How music Impacts me

Discover Weekly Playlist Cover

Noelle Rose Hardin

Discover Weekly Playlist Cover

Noelle Rose Hardin

In the latter years of elementary school, I gained this dependency on music to help me fall asleep every night. And as I entered middle school I was allowed to take my first smartphone to school, which I mainly used for music and texting my few friends and family members.

When I had the chance I began listening to music with my crappy pink earbuds that only worked if I pinched the base of the cord hard enough. I ran through a variety of music but I mostly stuck with the typical middle school emo music. A couple of my favorites included My Chemical Romance (which had broken up just months before I started listening to them), Fall Out Boy, Panic! At the Disco and Twenty One Pilots (pre-Blurry Face).

These bands actually helped me make friends and connect through song lyrics I thought I understood at the mere age of 12. Little did I know that music would become one of the most influential parts of my life. Music can switch my mood from being bubbly and wanting to hug everyone to being emotionally wrecked and contemplative.

I have multiple different moods of music I frequent the most and go-to artists for each.

When I’m feeling melancholy or distraught I like to stay in those moods through music and sleep it off at night as I’ve found trying to immediately change those emotions is a fruitless endeavor. But listening to this music helps me feel so much better and helps heal wounds cheap Neosporin can’t.

My melancholy artists; Dermot Kennedy, SYML, Lewis Capaldi, and Rhys Lewis. Now, that being said, not all of these artists have exclusively sad music, in fact, some of it can be loving and inspiring. I found each of these artists on my “Discover Weekly” which is a weekly playlist Spotify curates based on my listening patterns.

Noelle Rose Hardin
This is Dermot Kennedy Playlist Cover

As for my happy music I like to stick to musicals, indie pop, and 2000’s alternative rock. Nothing makes me jam out like a mix of Hairspray and Taking Back Sunday, which seems like a pretty odd combination but it’s very effective. Between the bops about love and the undeniability of its powers to the loud and moderately aggressive lyrics of “MakeDamnSure” I’m almost guaranteed a new pep in my step.

And of course, I have my angry “screw the world” music that I frequent mostly on Mondays and some Thursdays. Surprisingly rock music doesn’t quite cut it for me when I need this kind of music, in fact, I mostly look towards artists like Fiona Apple, Alanis Morissette, and Harvey Danger. I grew up listening to Fiona Apple with my mom all of the time and I’ve had the lyrics to “Limp” and “Fast as You Can” embedded in my brain since I was little.
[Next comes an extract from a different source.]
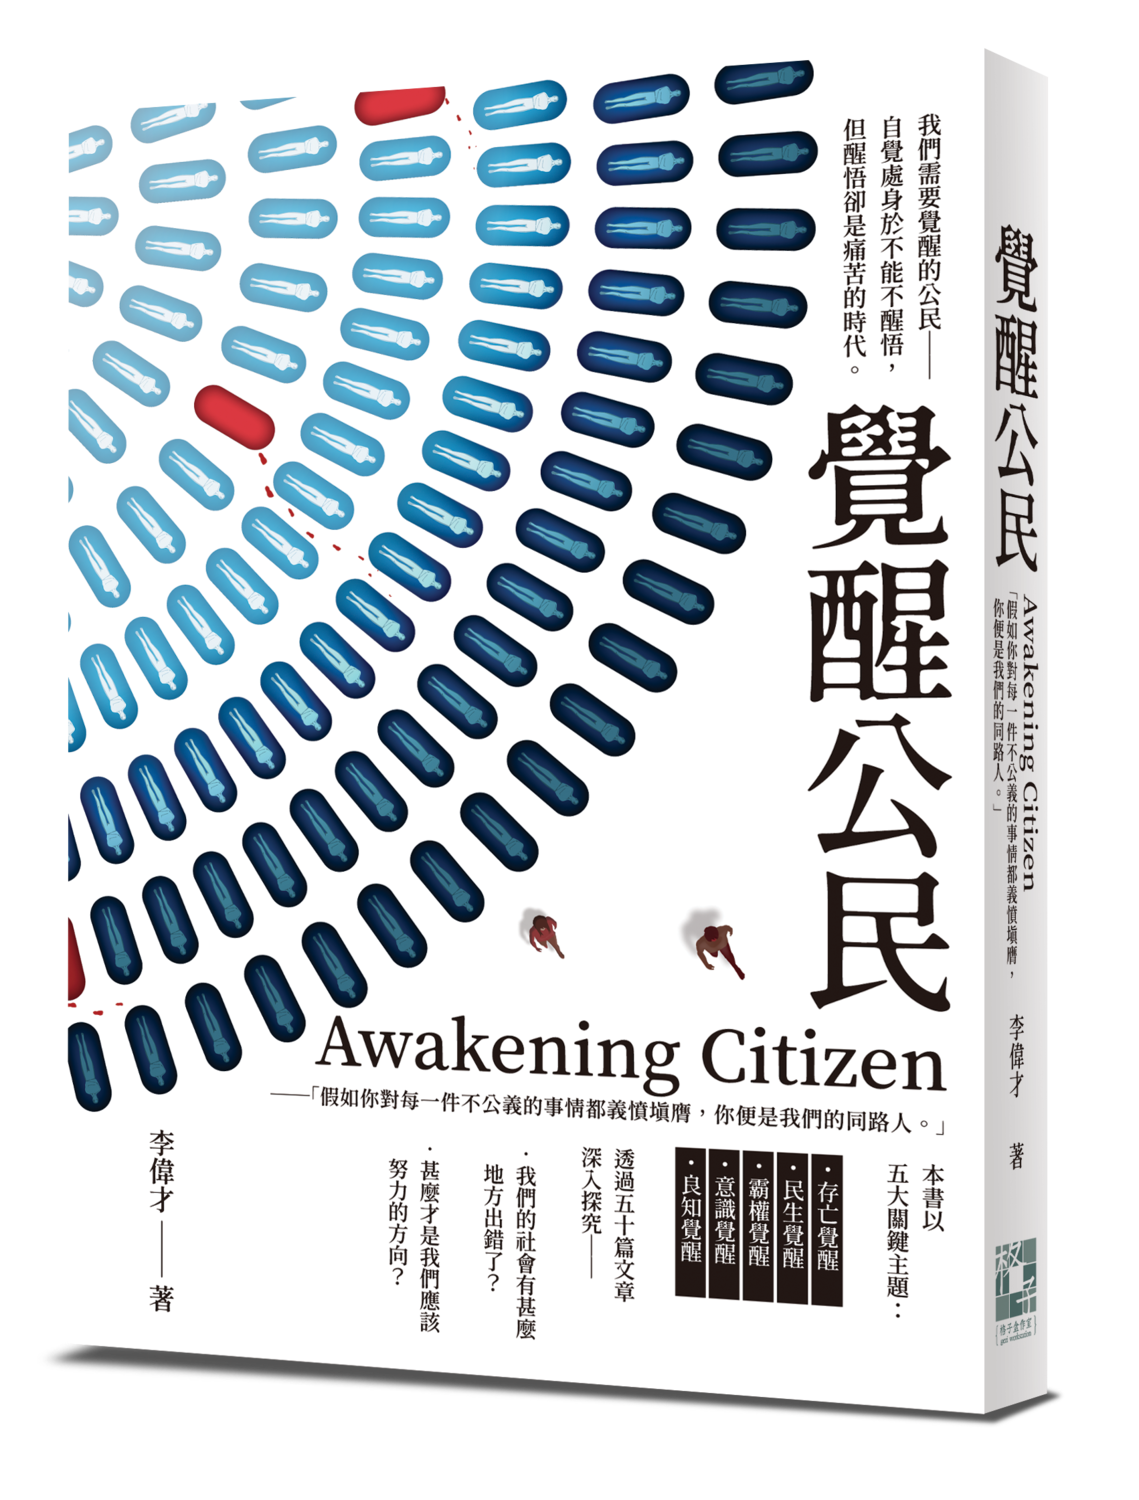 《Awakening Citizen覺醒公民》

Every time those artists come on I gain this huge boost of confidence and find myself feeling 10xs better while also not giving a crap about anyone else.

Music is so powerful and can change people’s days while dictating their emotions. To me, music is one of the most influential parts of my life and I don’t think I would be the same person without it. Rachel, a freshman at Marist University says “Music affects my mood greatly” and “it gives me a beat to run at, it makes me happy when I’m sad.”